» **PROBLEM TO SOLVE**: Could you transcribe exactly the lines below, from the line with "Zapatillas Adidas Neo Park St Mid" through the line with "Miami Beach Lifeguard Stands", and nothing else, leaving out the pictures?

» **TASK INPUTS**:
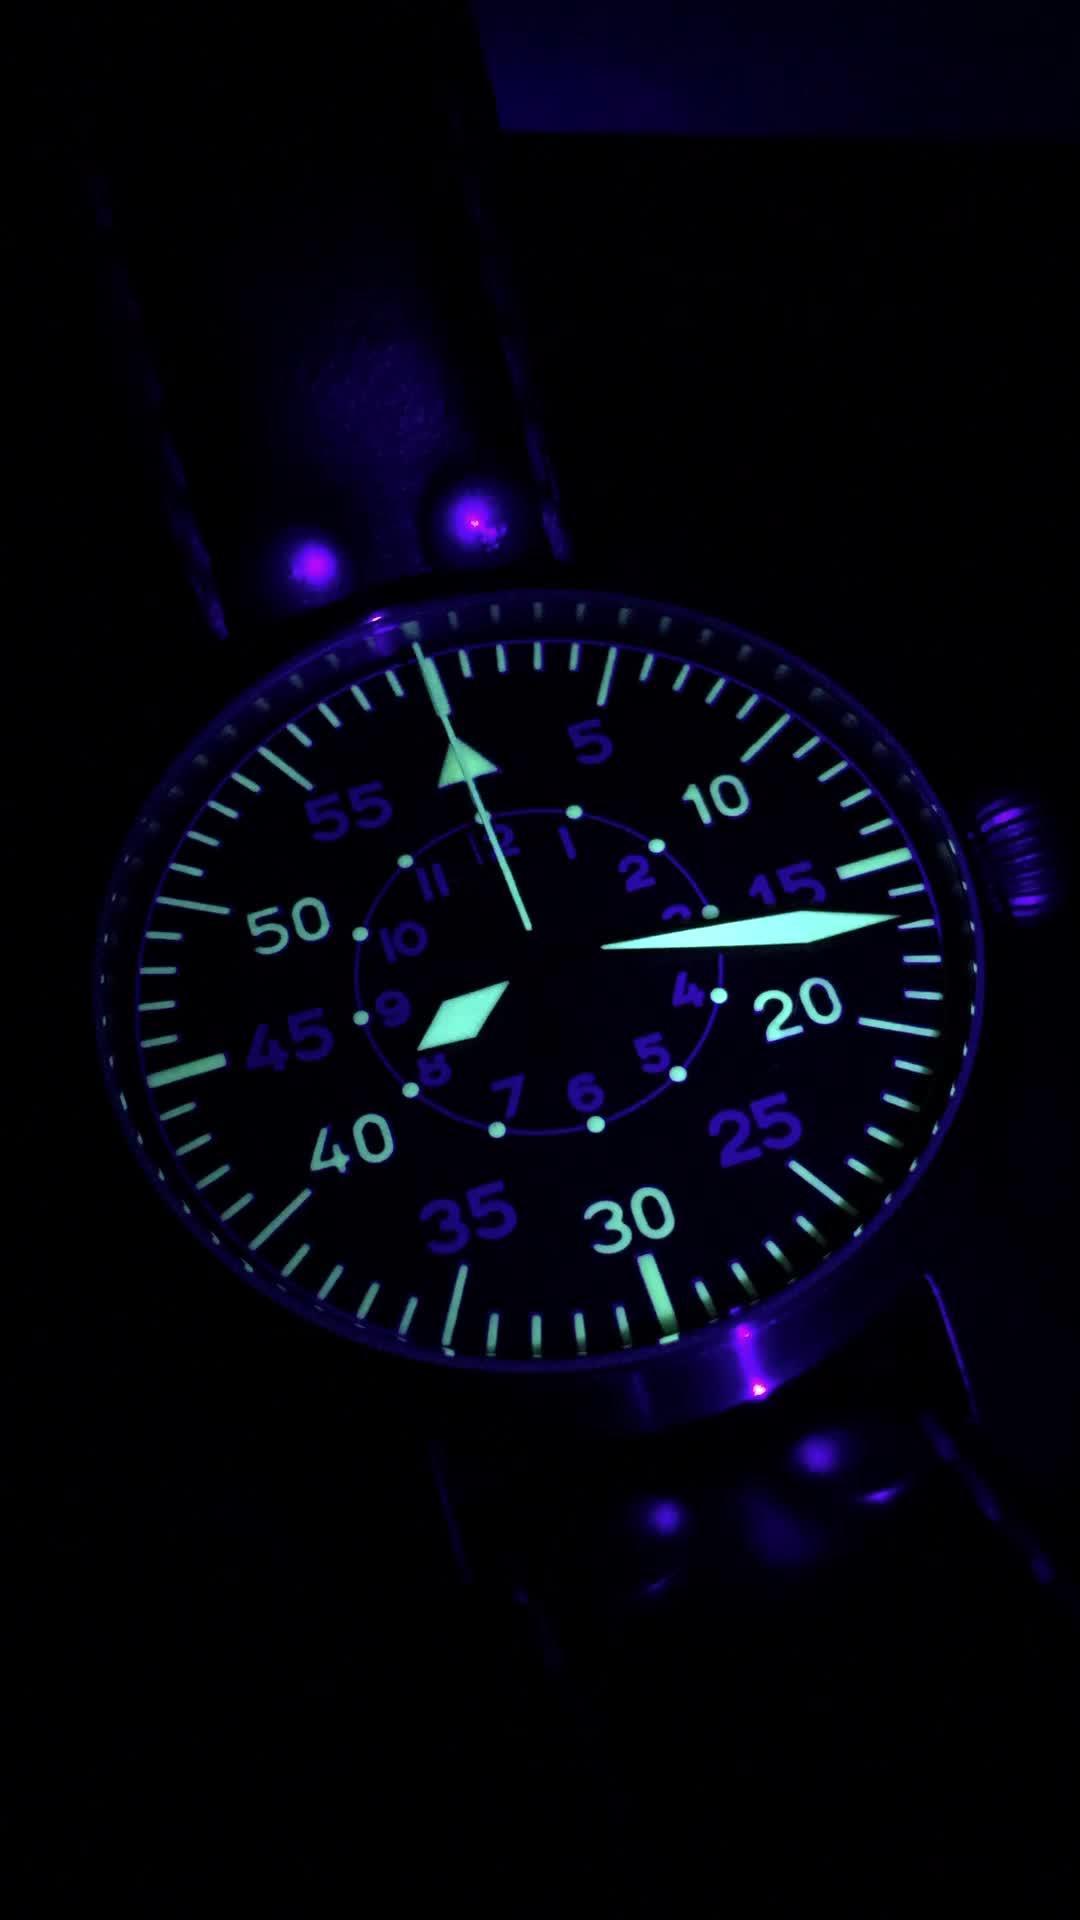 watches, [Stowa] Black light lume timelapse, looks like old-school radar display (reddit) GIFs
==
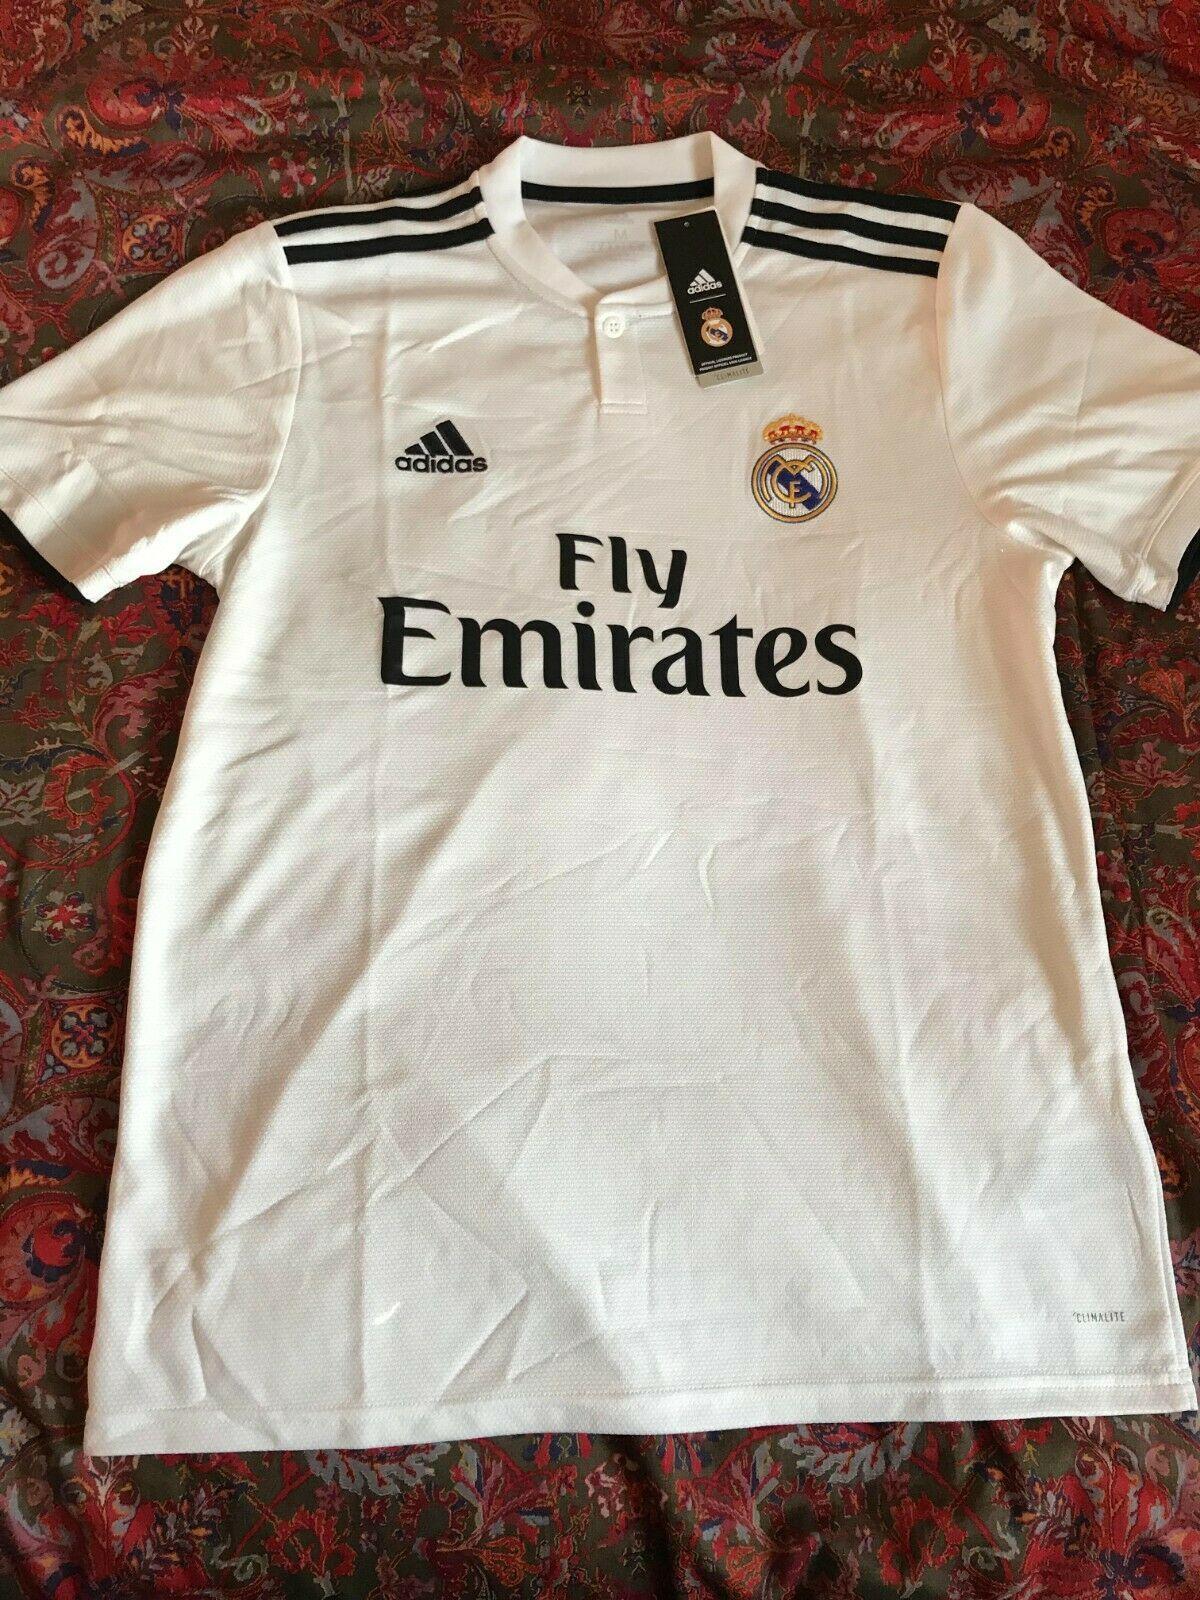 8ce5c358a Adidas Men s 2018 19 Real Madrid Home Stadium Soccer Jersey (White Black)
---
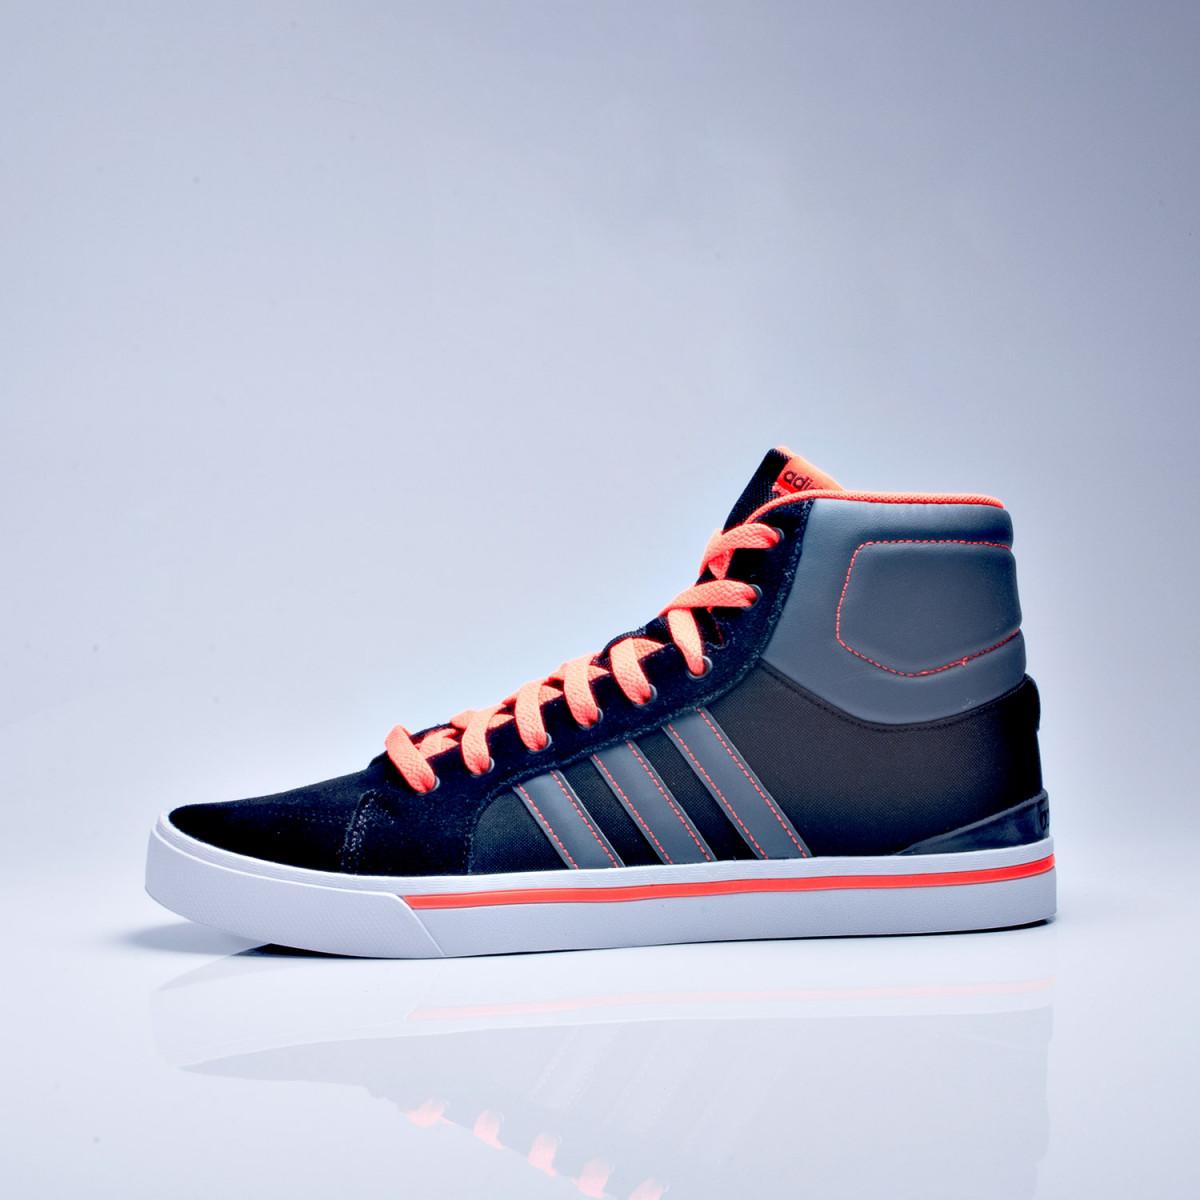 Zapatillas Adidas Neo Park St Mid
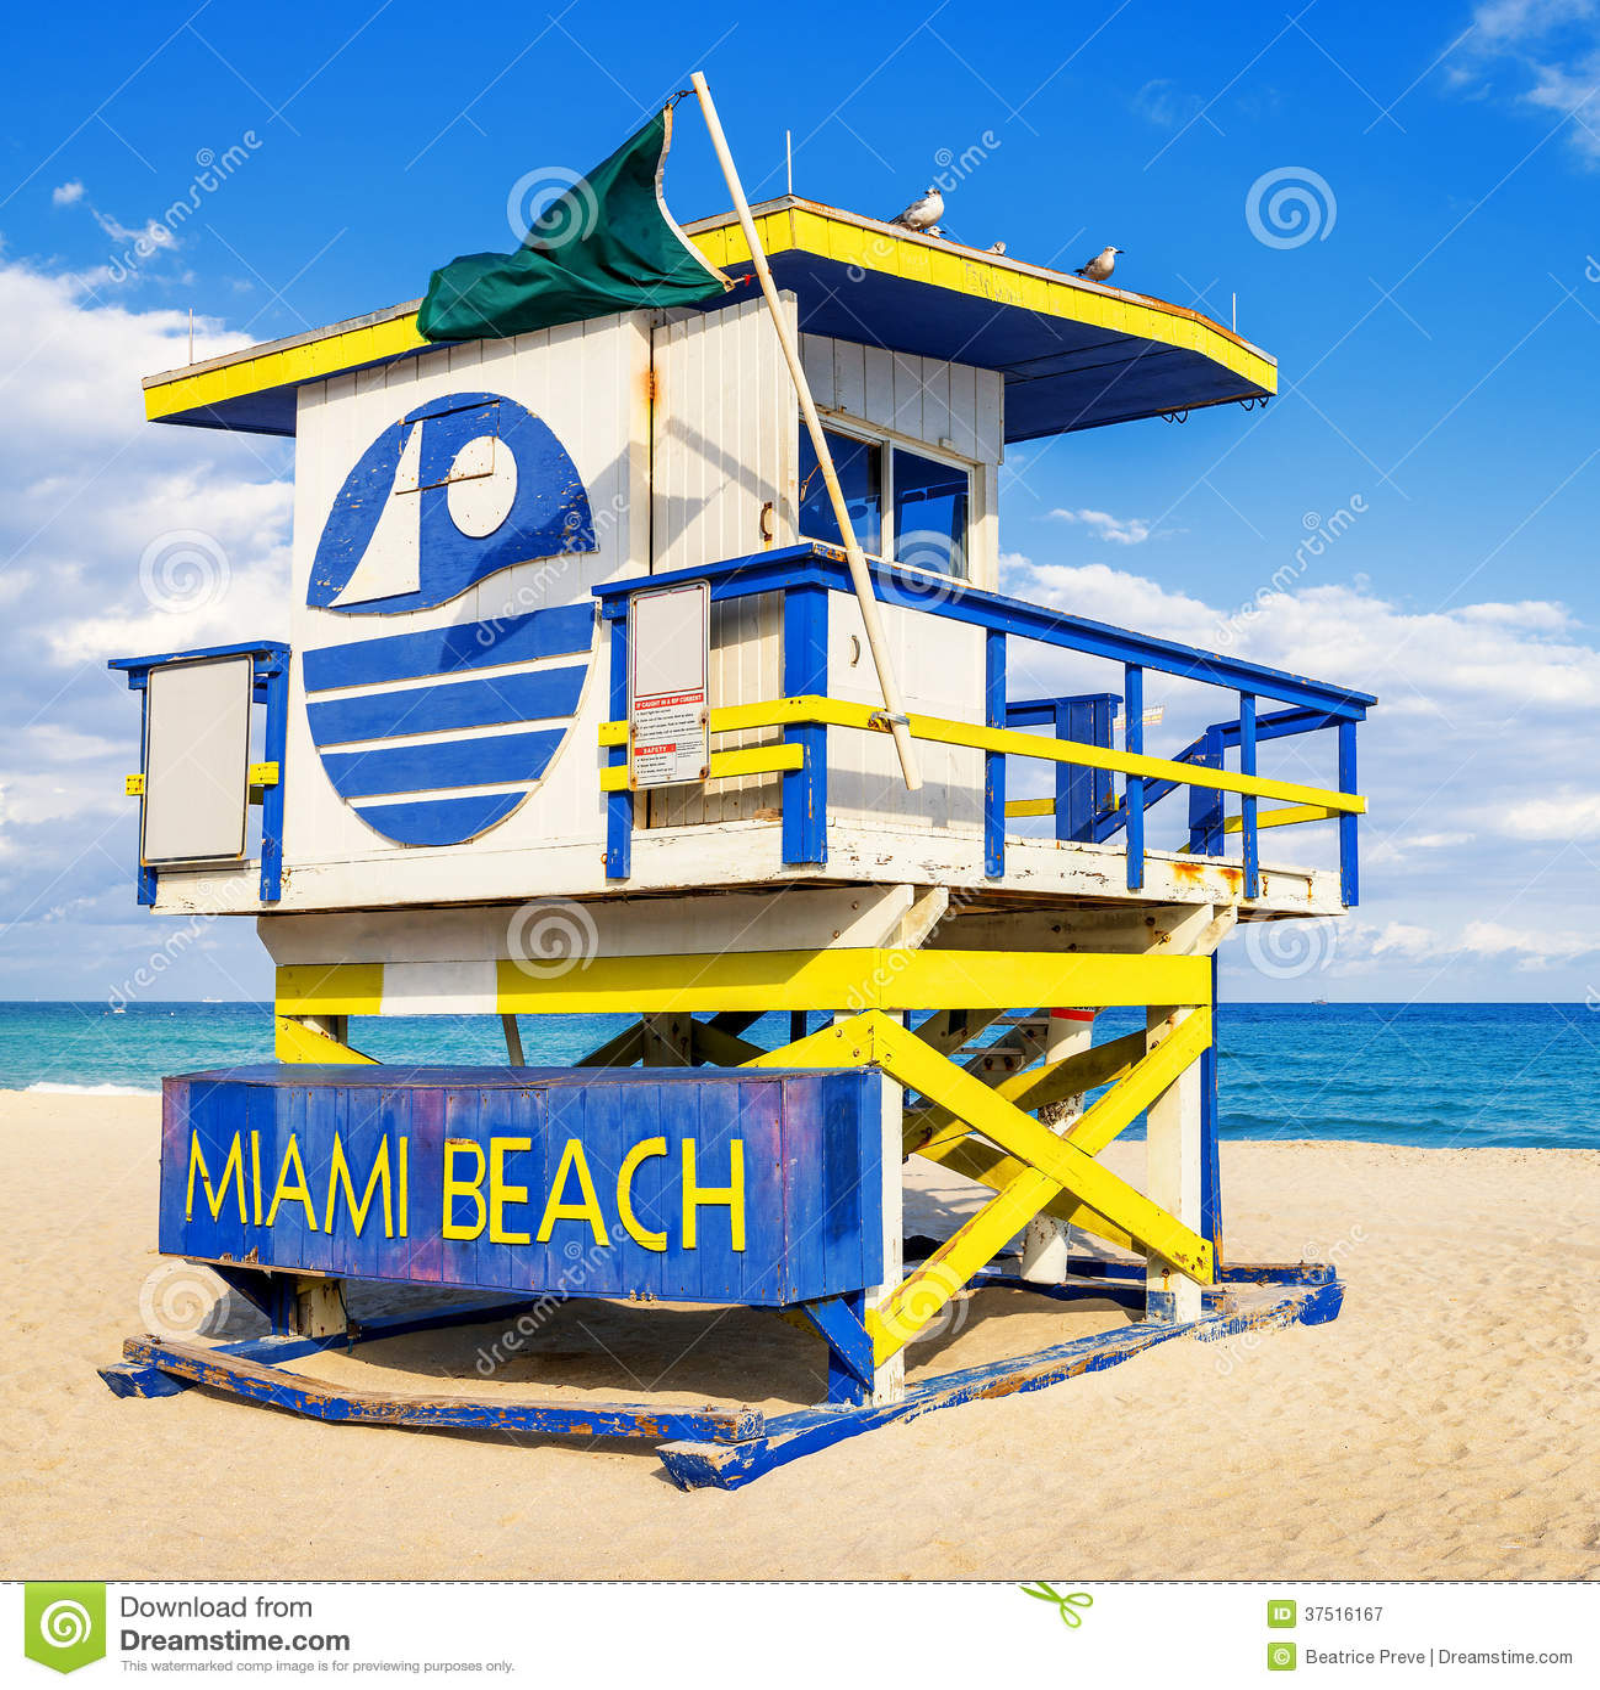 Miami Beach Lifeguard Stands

» **TASK RESULT**:
 Zapatillas Adidas Neo Park St Mid
 Miami Beach Lifeguard Stands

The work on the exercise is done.